Promouvoir la culture juridique numérique, une nécessité

Les participants à la journée d’études sur la protection des données à caractère personnel insistent sur la nécessité de promouvoir une culture juridique numérique pour lutter d’une façon plus efficiente contre la cybercriminalité.
Lors de cette rencontre, qui s’est tenue ce lundi à la Cour d’Alger sous le thème «La protection des données à caractère personnel à la lumière des lois 18/07 et 11/25 : entre nouveautés législatives et enjeux d’application», le président de la Cour d’Alger, Mohamed Bouderbala, soutient que la justice ne se limite plus à statuer sur des litiges traditionnels, mais traite désormais des preuves numériques et des registres électroniques, nécessitant l’approfondissement de la formation spécialisée et le développement d’une culture juridique numérique capable d’assimiler les concepts techniques sans renoncer à la rigueur juridique.
Les crimes liés aux technologies de l’information et de la communication menacent la sécurité des institutions
C’est dans cette optique, précise Mohamed Bouderbala, que cette journée est organisée. «Cet événement traduit une prise de conscience institutionnelle profonde du fait que la protection des données personnelles est au cœur de la protection des droits et des libertés consacrés par la Constitution», indique-t-il, signalant que cette rencontre s’inscrit dans le cadre du programme de formation continue en collaboration avec les organismes et les administrations publics. Après avoir souligné l’importance de l’efficience dans la lutte contre la criminalité numérique et dans la garantie des droits fondamentaux des individus, Bouderbala réaffirme la volonté du pouvoir judiciaire d’être à l’avant-garde des instances qui encadrent la bonne application des textes, en s’appuyant sur la consécration d’un contrôle juridique effectif des mesures de collecte de données numériques et du respect du principe de proportionnalité entre ces mesures et l’objectif visé.

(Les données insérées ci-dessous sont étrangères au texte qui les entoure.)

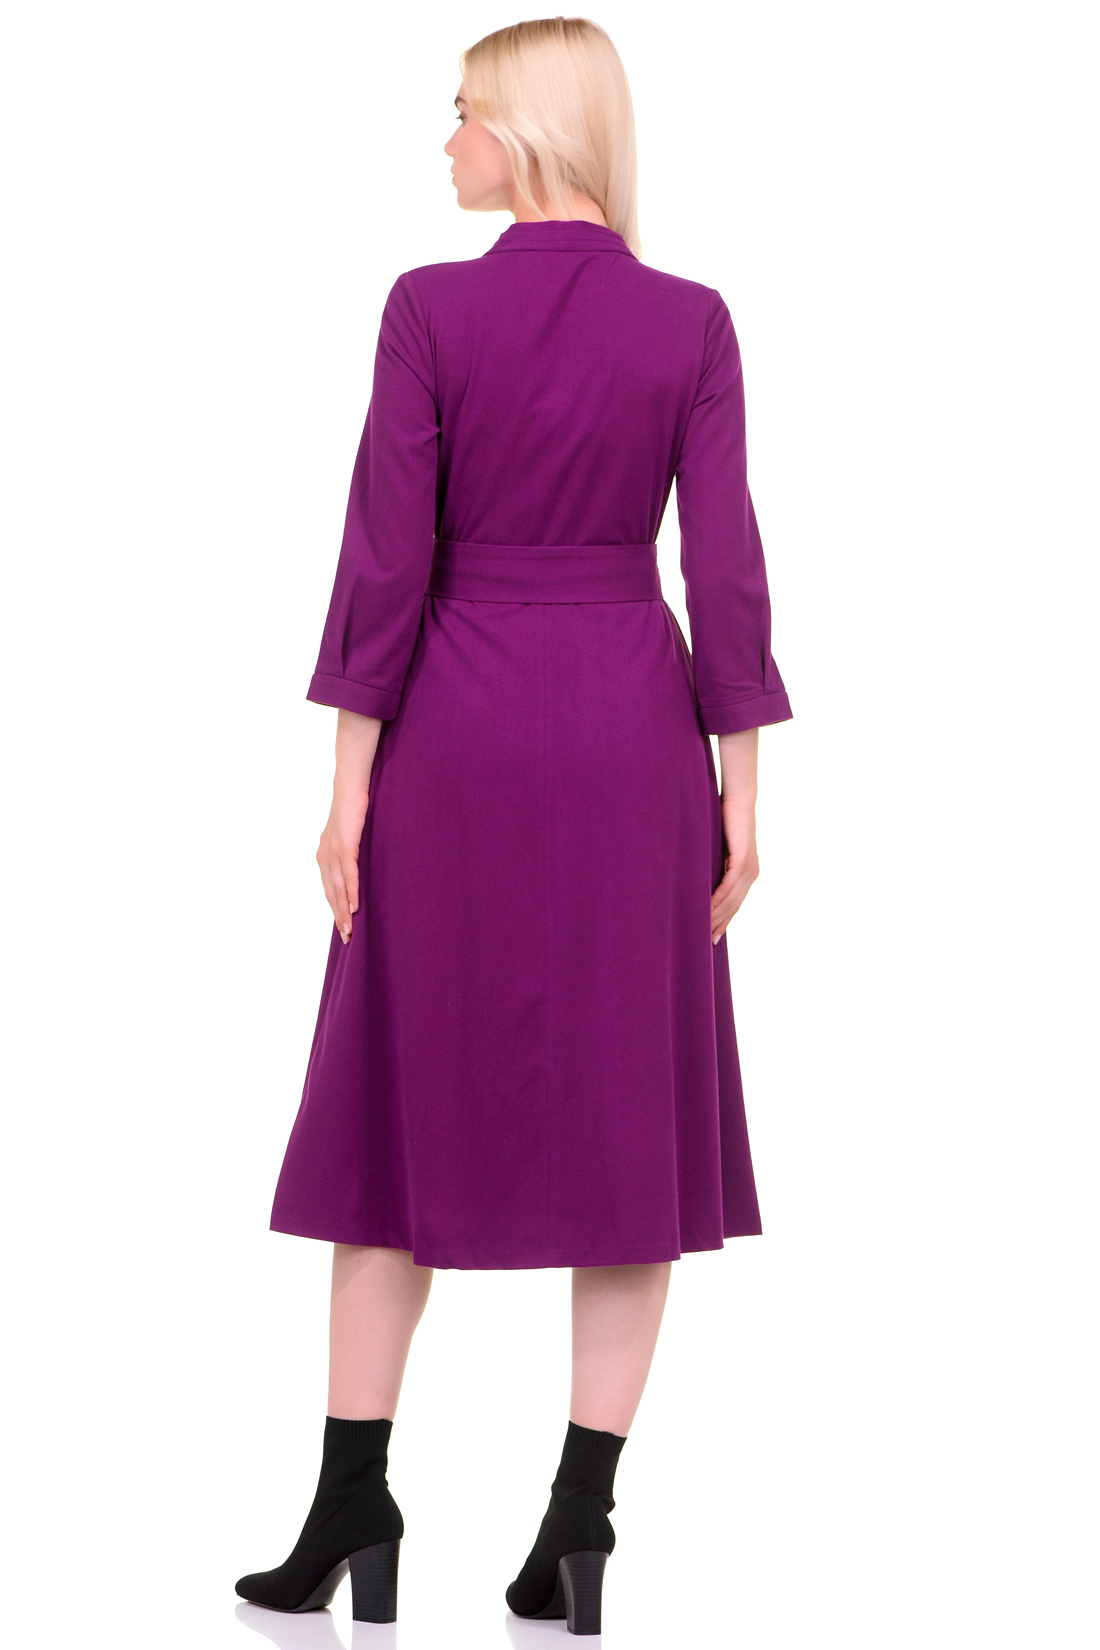 Платье с V-образным вырезом (арт. baon B459549), размер XS, цвет фиолетовый Платье с V-образным вырезом (арт. baon B459549) - фото 2

Cela, poursuit-il, en plus du contrôle de la légalité de l’autorisation d’accès aux données. Le procureur général près la Cour d’Alger, Mohamed Kamel Benboudiaf, rappelle que les crimes liés aux technologies de l’information et de la communication, qui comprennent le piratage des systèmes, la fuite de données et le chantage électronique, ne se limitent plus aux individus, mais menacent désormais la sécurité des institutions et la souveraineté numérique de l’État.
Renforcer la formation spécialisée des juges
«Ce qui exige une coordination entre les différentes parties concernées, et ce, afin de garantir l’efficacité des poursuites pénales sans porter atteinte aux droits fondamentaux. La justice s’emploiera à l’unification de la pratique sur le terrain dans le domaine du traitement des preuves numériques, continuera à renforcer la formation spécialisée des juges et des membres de la police judiciaire et soutiendra toute initiative visant à protéger les données personnelles dans le cadre de la loi », renchérit Mohamed Kamel Benboudiaf. À l’issue de cette journée d’étude, les participants appellent à l’accélération de la promulgation des décrets exécutifs portant création des pôles régionaux de l’Autorité nationale de protection des données à caractère personnel (ANPDP) pour assurer un contrôle global sur le terrain.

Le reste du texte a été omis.